Stable Diffusion Embedded Tensor Editing
https://gyazo.com/d2fccb42c4aed55486e8f02e613aaec0
The image at the top center of this page is the image generated when "cat" is entered.
The bottom center is the image generated when the word "kitten" is entered.
If you take this as a "word," it's a skipped value, but it actually corresponds to a vector of 768 dimensions.
then we can mix those vectors.
https://scrapbox.io/files/63365812630afe001deea2b0.mov
400 divisions between cat kitten and video at 20 frames per second.
There is a period of about 4 seconds when it is difficult to tell what has changed, and then the screen suddenly flops back and forth.
Some parts change smoothly, some parts change violently, which means that the mapping from the space of the prompt to the space of the image is not so smooth
Not much control works with this, if you change it this way, will it do this? and tinkering with it will result in unpredictable movement when it enters the realm of a rustling storm.

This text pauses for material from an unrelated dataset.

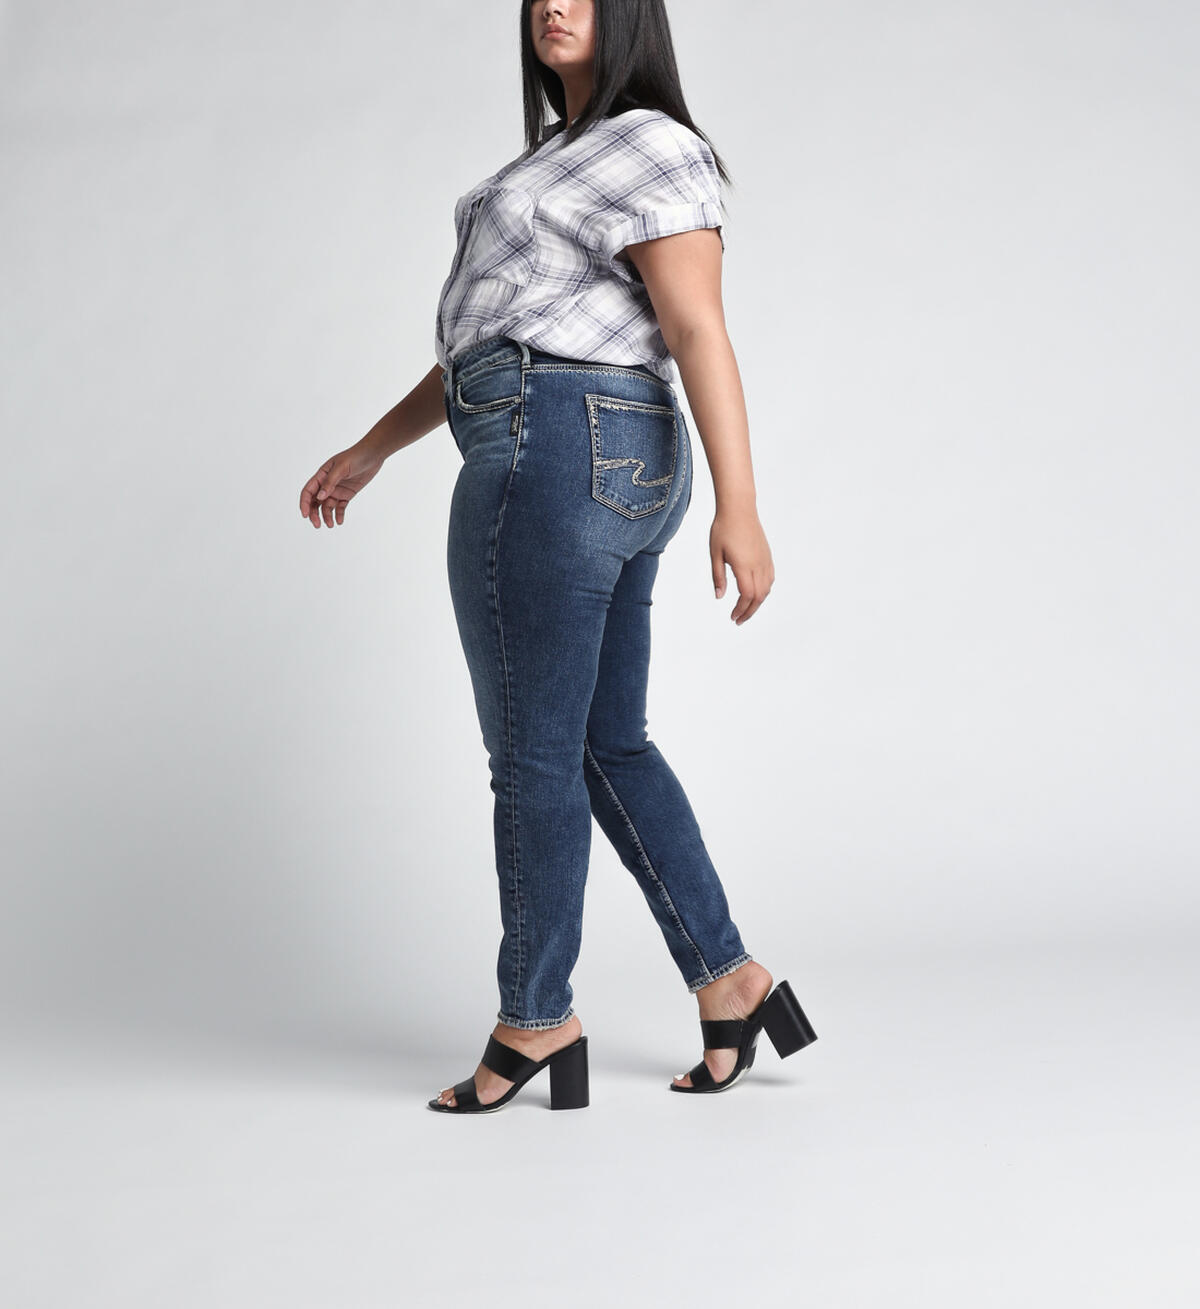 Avery High Rise Skinny Leg Jeans, , hi-res image number 2

Add "tabby" (tiger cat) to "cat" and the pattern became darker and darker, and when I subtracted it, it became a white cat.
https://gyazo.com/3d5701e780e44d9294af65226e00e117
There are areas that can be interpreted in this way that make sense.
On the other hand, if you subtract tabby from kitten, you get a monster. On the other hand, unpredictable phenomena like "kitten minus tabby
https://gyazo.com/53bad72c88c5d308ae9c5e56dd0f5586
Image of a yacht that is controllable on calm seas but gets messed up when a storm comes in.
--- log
@nishio: instead of a human writing the prompt in a string in Stable Diffusion directly edit the vector in which it is embedded. It's more expressive than strings. It is possible to specify something like "a cat that is a little more than a tiger cat and half a kitten. https://pbs.twimg.com/media/FcruvumacAE1QHu.jpg
There is an article that thinks it is a "vector" in word2vec understanding, which I also misunderstood, but if you check it properly, you will see that it is not true.
If the "prompt is one word" as in this example, the result will be the same even if you assume the tensor is a vector and process it.
@nishio: center top row is normal "cat", bottom row is "kitten", right end is +3/7 tabby. minus tabby makes the pattern disappear. The left half is an area not covered by existing words, so there is less data, and the odd shape is created in the lower left corner, where the amount of editing is the largest. https://pbs.twimg.com/media/Fcr0SvZaMAEkVE_.jpg
Only certain words in a sentence can be edited.
If you "process as a vector" in a multi-word prompt like this, the first "a" vector is edited, so it's not good.
The above example includes the BOS token and edits only the 4th vector at 0 origin
In this experiment, the index is specified by hand, but you can also use the tokenizer in CLIP to specify and edit tokens in a way that is easy for humans to understand. 2022-09-29
@nishio: I used Stable Diffusion tensor editing to split the cat and kitten into a hundred segments and put them together into a 5 second movie at 20FPS. I didn't crossfade between frames, so you can directly observe what kind of output you get. https://scrapbox.io/files/633591af63315f001d639b71.mov
4 times more accurate decomposition (400 divisions between CAT and KITTEN)
I don't know if you can see it on Twitter without problems.
https://scrapbox.io/files/63365812630afe001deea2b0.mov
There is a period of about 4 seconds when it is difficult to tell what has changed, and then the screen suddenly switches to a flurry of images.
Actually, even areas that appear to be unchanged can be shown to be changing if you jump or something with the seek bar. In other words, the difference is whether the change is occurring in a human-perceivable place.
There is a single whisker flicker at around 10 seconds. This is a subtle change in value that is flickering because it is just on the edge of the boundary between drawing a mustache and not. It happened to be a flicker so humans noticed it right away, but if it were a smooth change, most people wouldn't notice it.
The output image changes significantly despite the fact that the input prompt is smoothly changed by 400 times finer control of the vector that humans represent by the messy means of words. This is because the mapping is not smooth. The control seems to work in calm zones in places, but there are stormy zones in between.
relevance
@sugyan: morphing with stablediffusion: Kyoto <-> Tokyo https://gyazo.com/9c0b6c3ed0c5280ef54b29673887643bhttps://gyazo.com/f27e9d79538d7942eb2a66d41c051d8a
---
This page is auto-translated from /nishio/Stable Diffusion埋め込みテンソル編集 using DeepL. If you looks something interesting but the auto-translated English is not good enough to understand it, feel free to let me know at @nishio_en. I'm very happy to spread my thought to non-Japanese readers.